Neither he nor his father had seen his mother in person for four years. Victim of a degenerative mental and physical disease that often left her totally incommunicative, she had retired to her suite in the house with her medicines, her diagnostic computers, her cosmetics, her gravothermy and reading machines. She—or more often one of her androids programmed to her general response pattern—would appear in the viewing columns and present a semblance of her normal appearance and personality. In the same way, through android and telerama report, she “accompanied” Von Ray on his business travels, while her physical presence was confined in the masked, isolate chambers that no one was allowed to enter except the psychotechnician who came quietly once a month.

“They’re beautiful,” he repeated, stepping closer.

“I’ll leave them in your room this evening.” She picked one up with dark fingers and turned it over. “I find them fascinating myself. Almost hypnotic.”

“Here.” Von Ray turned to one of the other columns. “I have something else to show you. Aaron had apparently heard of your interest in racing, and knew how well you were doing.” Something was forming in the second column. “Two of his engineers had just developed a new ion-coupler. They told us it was too sensitive for commercial use and wouldn’t be profitable for them to manufacture on any large scale. But Aaron said the response level would be excellent for small-scale racing craft. I offered to buy it for you. He wouldn’t hear of it; he’s sent it to you as a gift.”

“He did?” Lorq felt excitement lap above surprise. “Where is it?”

In the column a crate stood on the corner of a loading platform. The fence of Nea Limani Yacht Basin diminished in the distance between the guide towers. “Over at the field?” Lorq sat down in the green hammock hanging from the ceiling. “Good! I’ll look at it when I go down this evening. I still have to get a crew for the race.”

“You just pick your crew from people hanging around the spacefield?” Mother shook her head. “That always worries me.”

“Mom, people who like racing, kids who are interested in racing ships, people who know how to sail, they hang around the shipyards. I know half the people at Nea Limani anyway.”

“I still wish you’d get your crew from among your school friends, or people like that.”

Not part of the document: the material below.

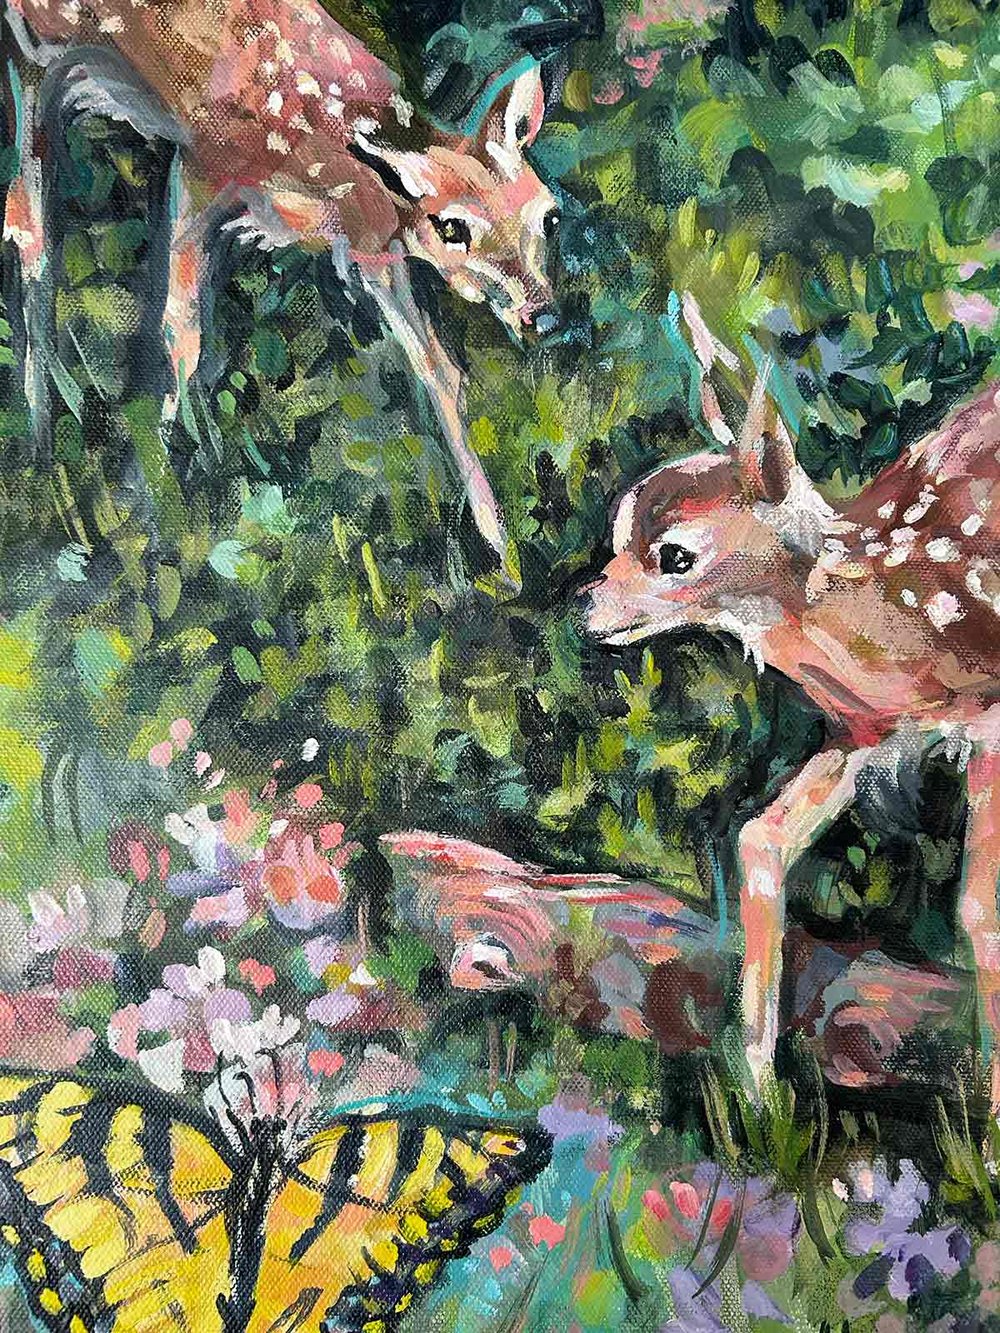 Where the Forest Edge Begins – fawn deer painting, framed

“What wrong is with people who like this talk?” He smiled slightly.

“I didn’t say anything of that nature at all. I just meant you should use people you know.”

“After the race,” his father cut in, “what do you intend to do with the rest of your vacation?”

Lorq shrugged. “Do you want me to foreman out at the Sao Orini mine like last year?”

His father’s eyebrows separated then snarled over the vertical crevices above his nose. “After what happened with that miner’s daughter…?” The brows unsnarled again. “Do you want to go out there again?”

Lorq shrugged once more.

“Have you thought of anything that you’d like to do?” This from his mother.

“Ashton Clark will send me something. Right now I’ve got to go pick up my crew.” He stood up from the hammock. “Mom, thanks for the stones. We’ll talk about vacation when school is really over.”